● Exercise description: Please give back the listing exactly, without any of its pictures.

● Recorded information:
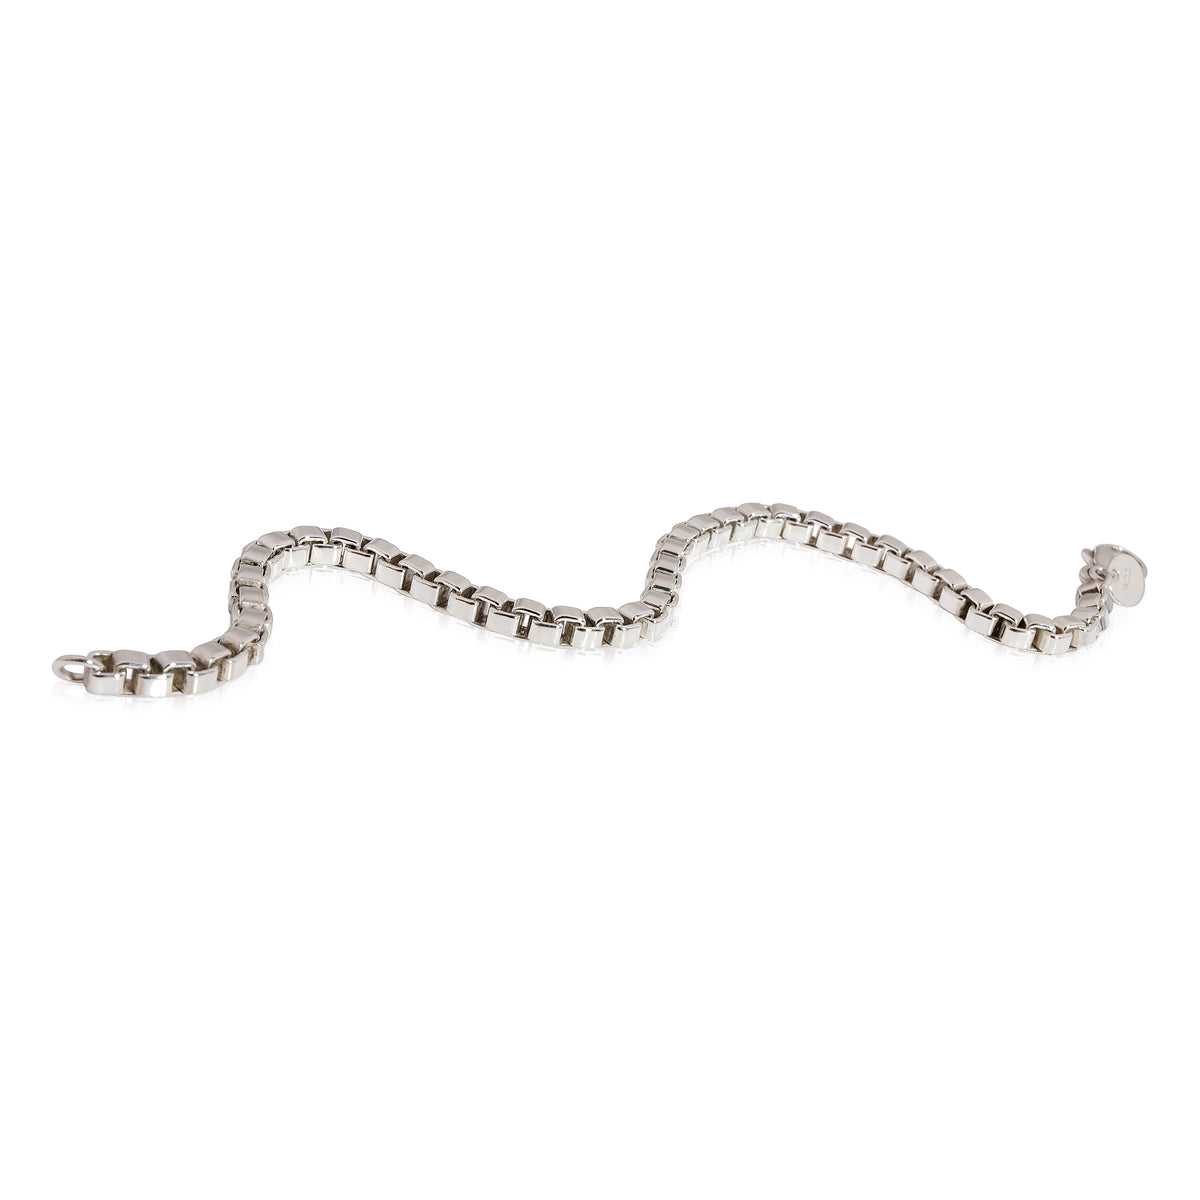 Tiffany & Co. Venetian Link Bracelet Sterling Silver
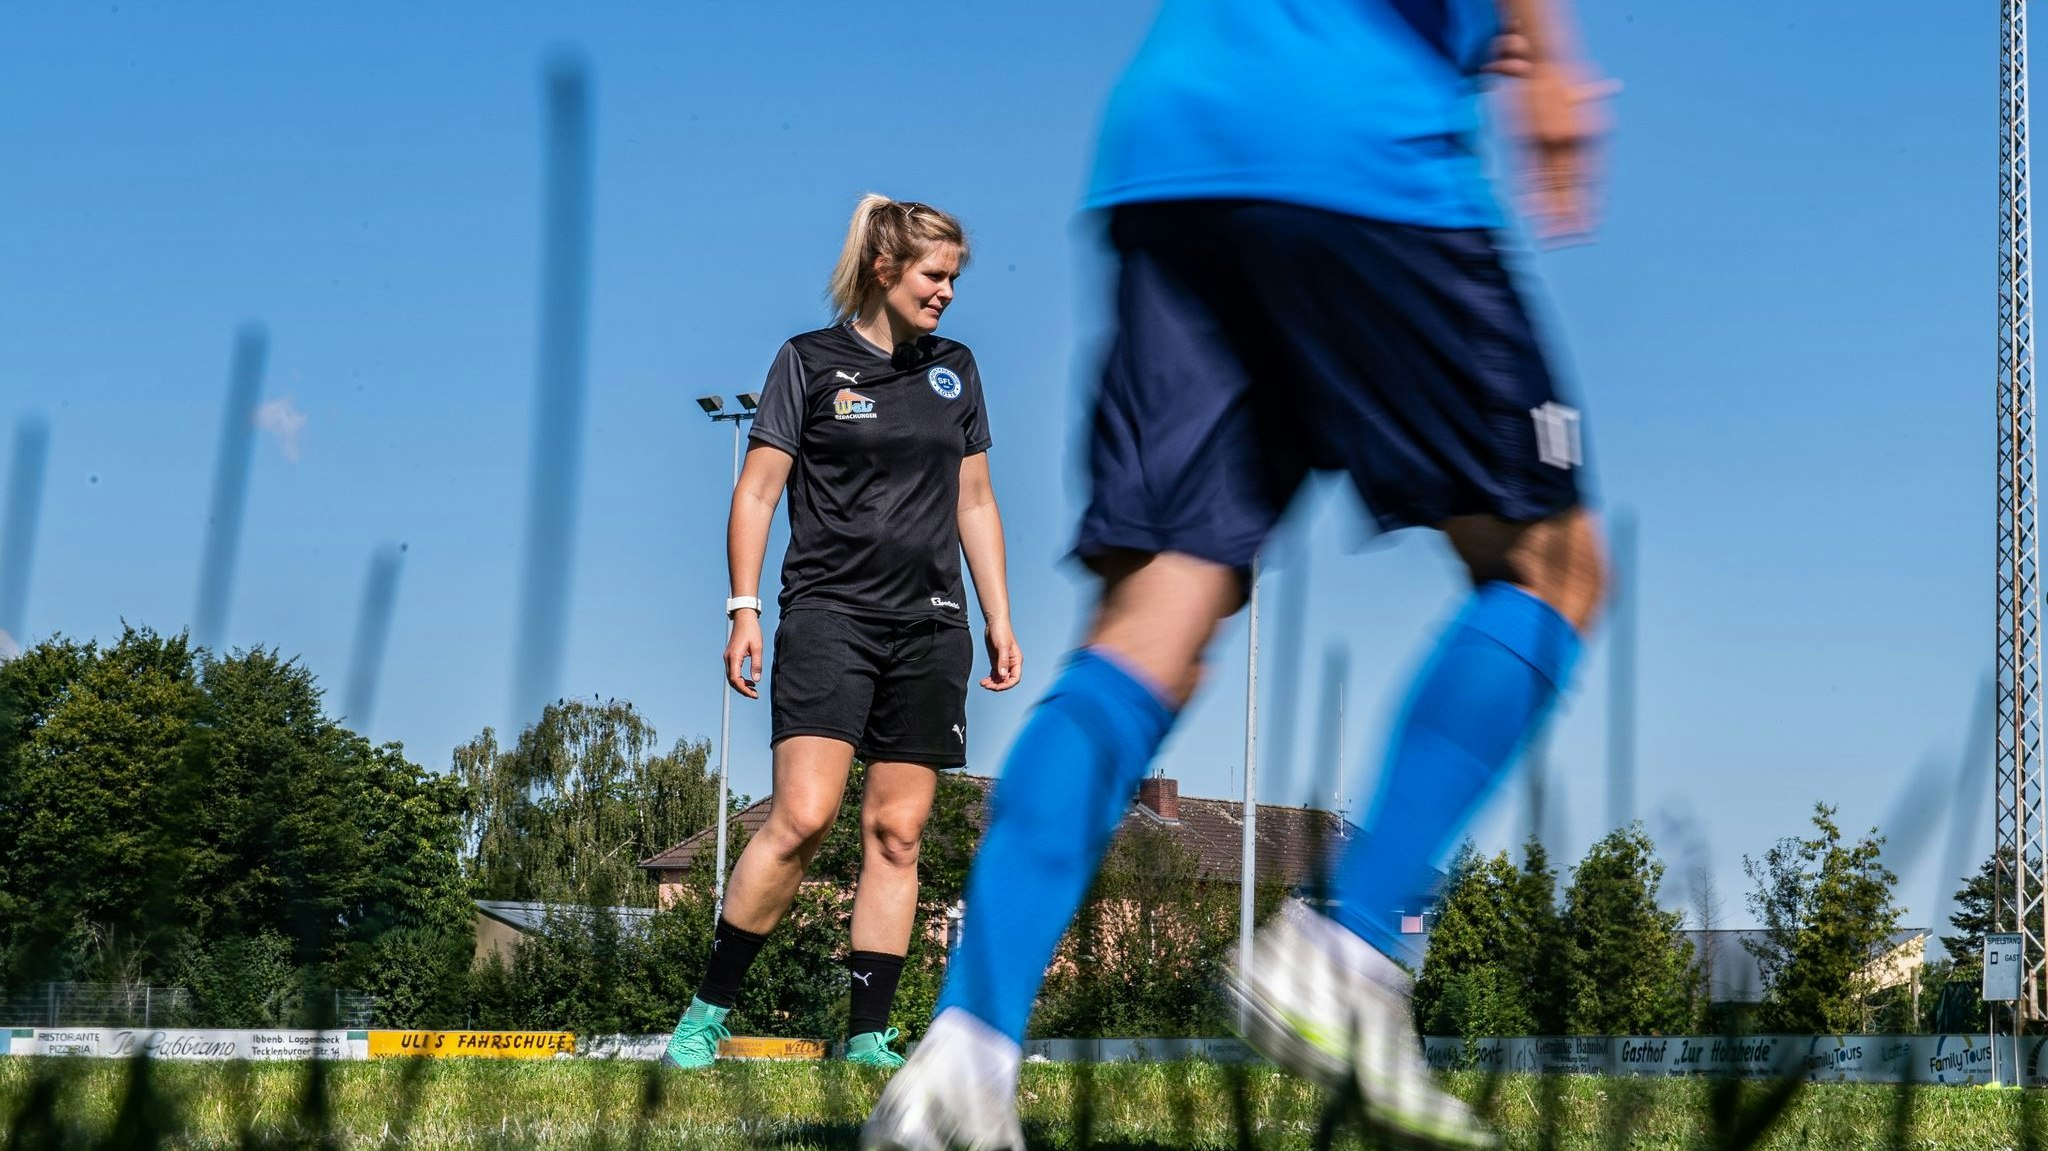 Imke Wübbenhorst wurde als Trainerin der Sportfreunde Lotte entlassen. Foto: dpa/Kirchner
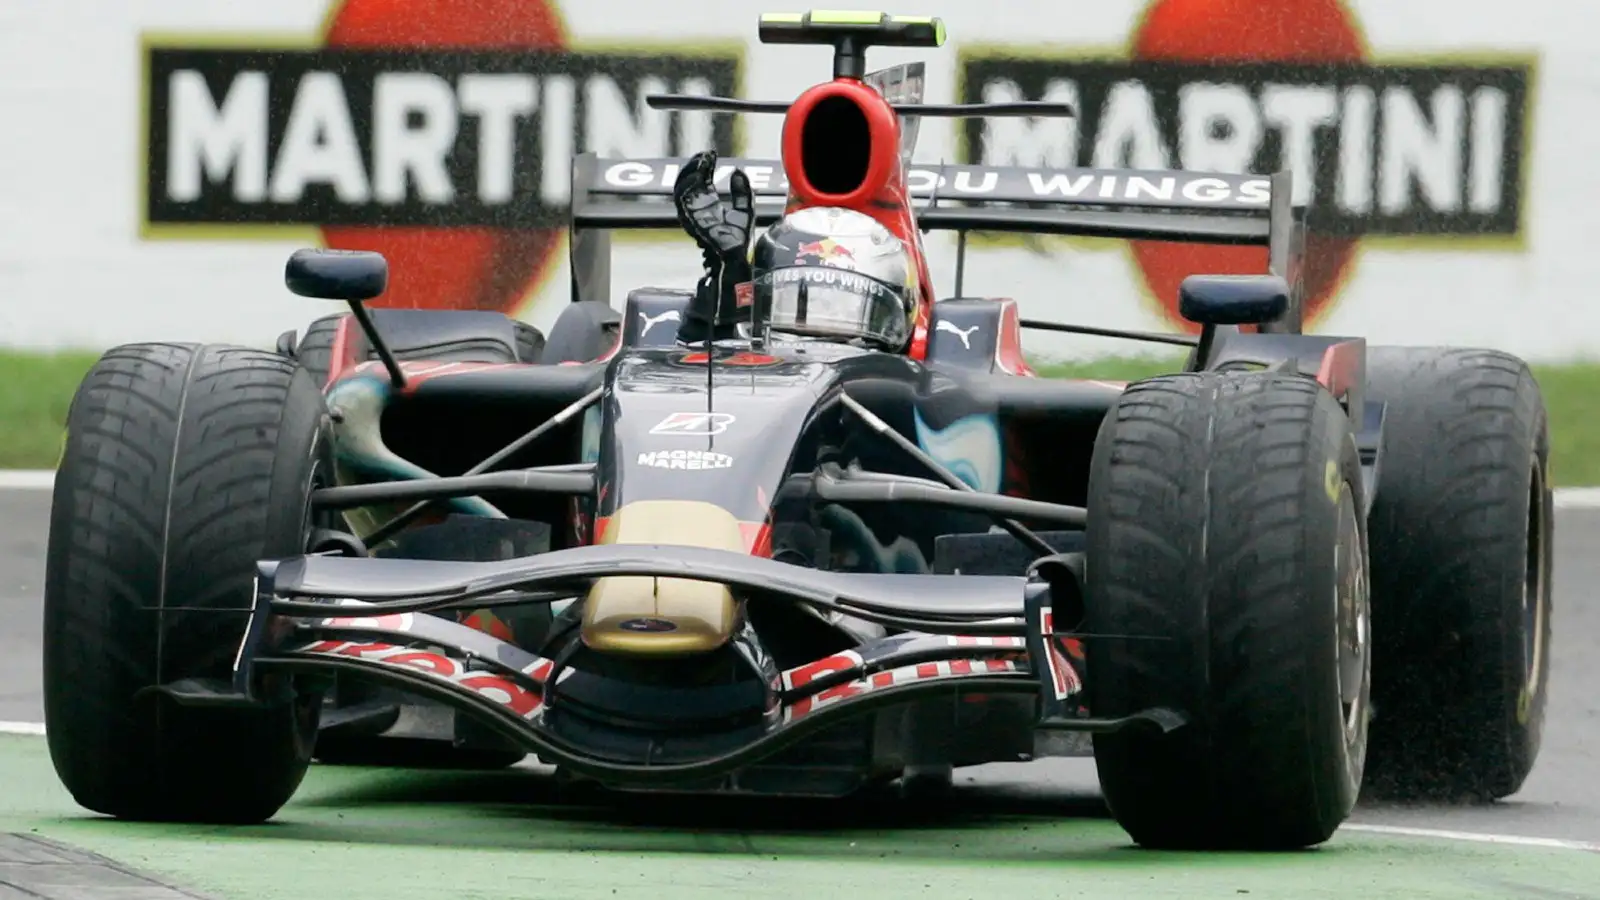 Toro Rosso's Sebastian Vettel racing at the 2008 Italian Grand Prix. Monza, September 2008. Red Bull
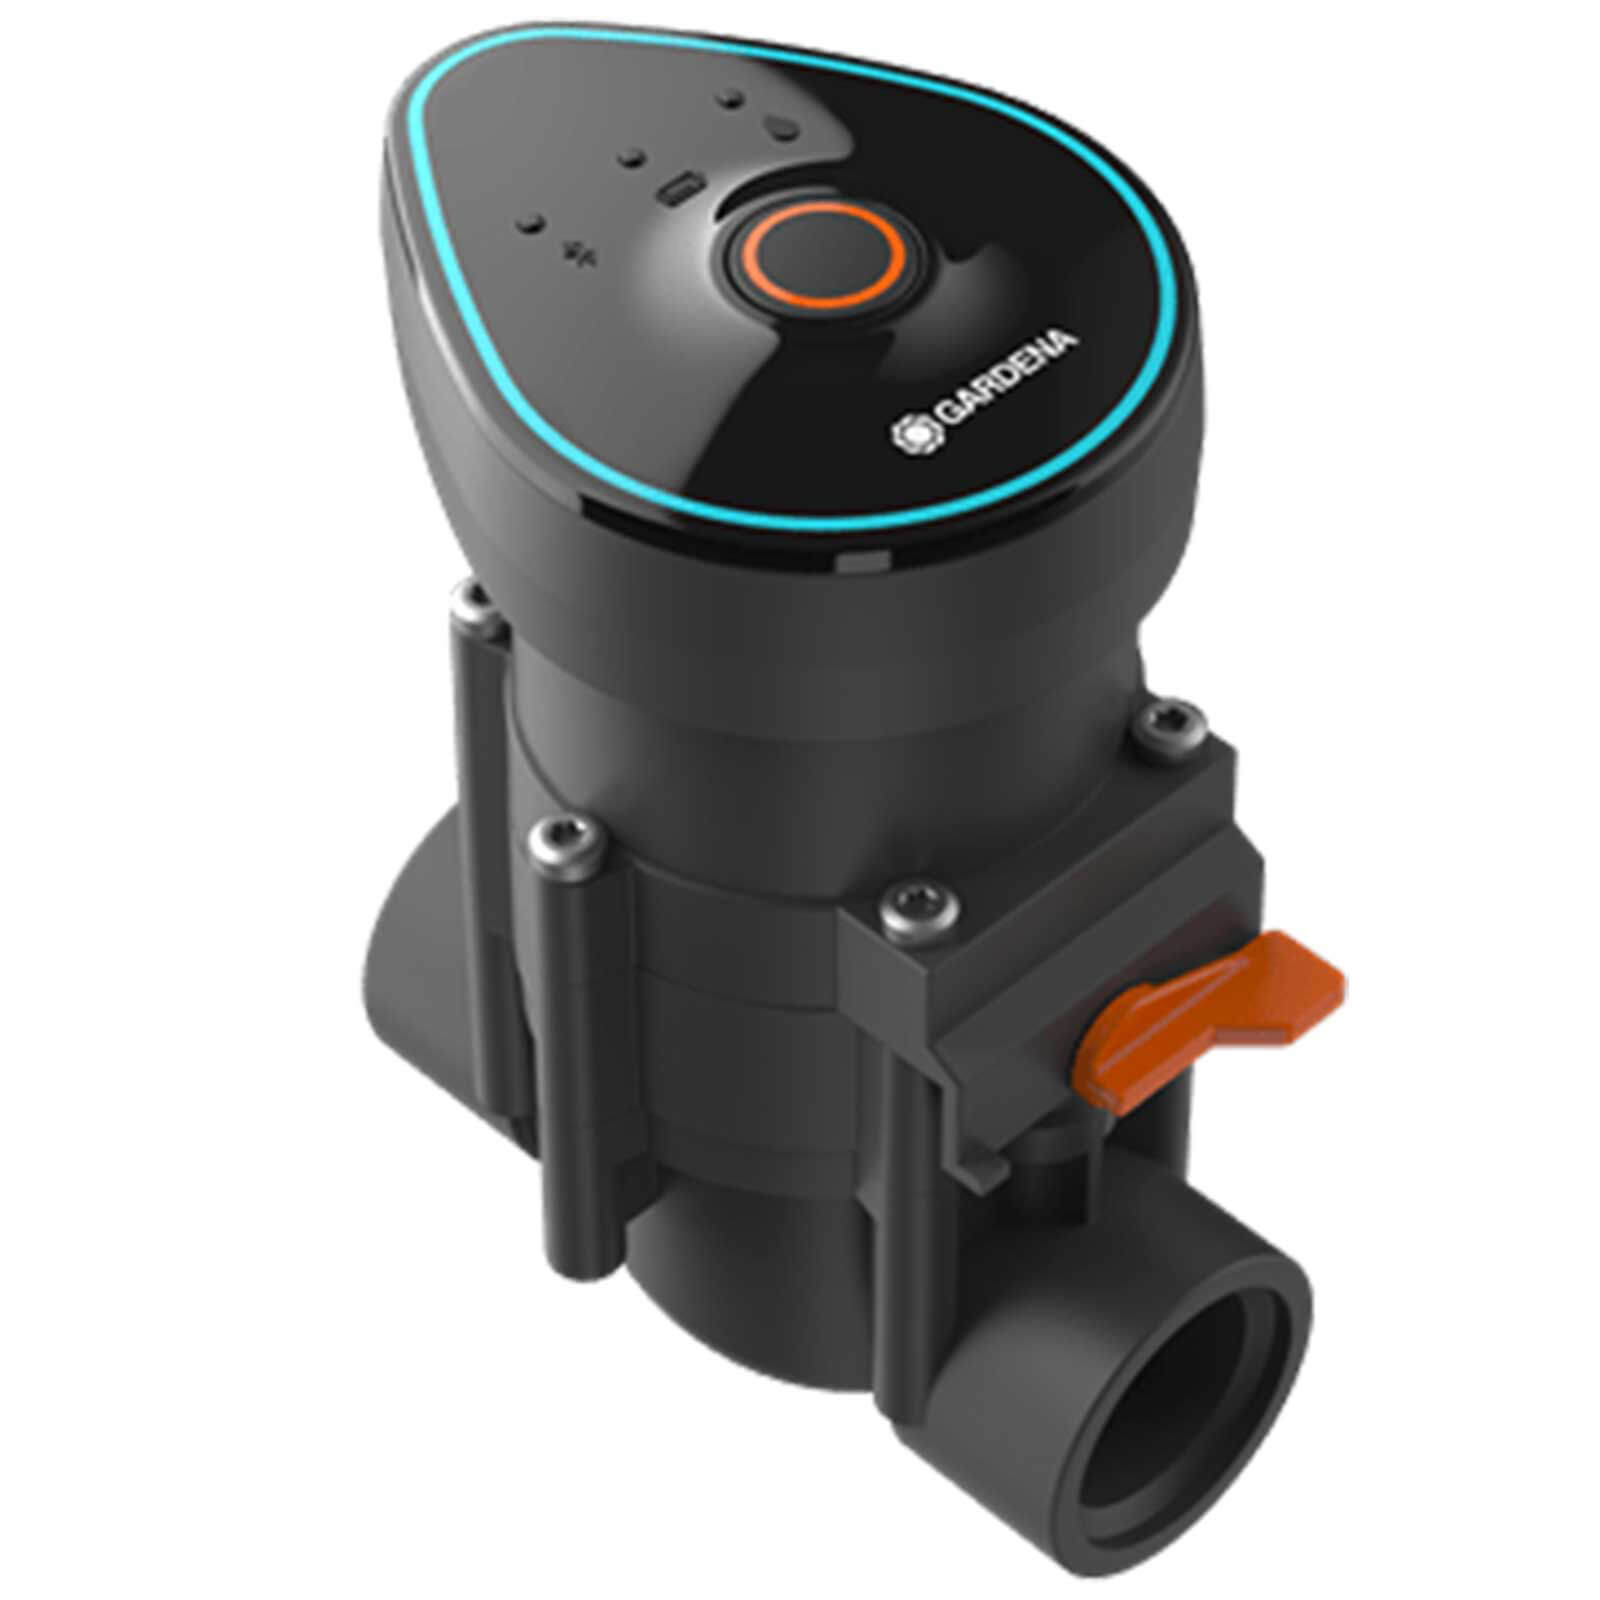 Image of Gardena SPRINKLERSYSTEM 9V Bluetooth Irrigation Valve 1" / 25mm

● Response:
 Tiffany & Co. Venetian Link Bracelet Sterling Silver
 Imke Wübbenhorst wurde als Trainerin der Sportfreunde Lotte entlassen. Foto: dpa/Kirchner
 Toro Rosso's Sebastian Vettel racing at the 2008 Italian Grand Prix. Monza, September 2008. Red Bull
 Image of Gardena SPRINKLERSYSTEM 9V Bluetooth Irrigation Valve 1" / 25mm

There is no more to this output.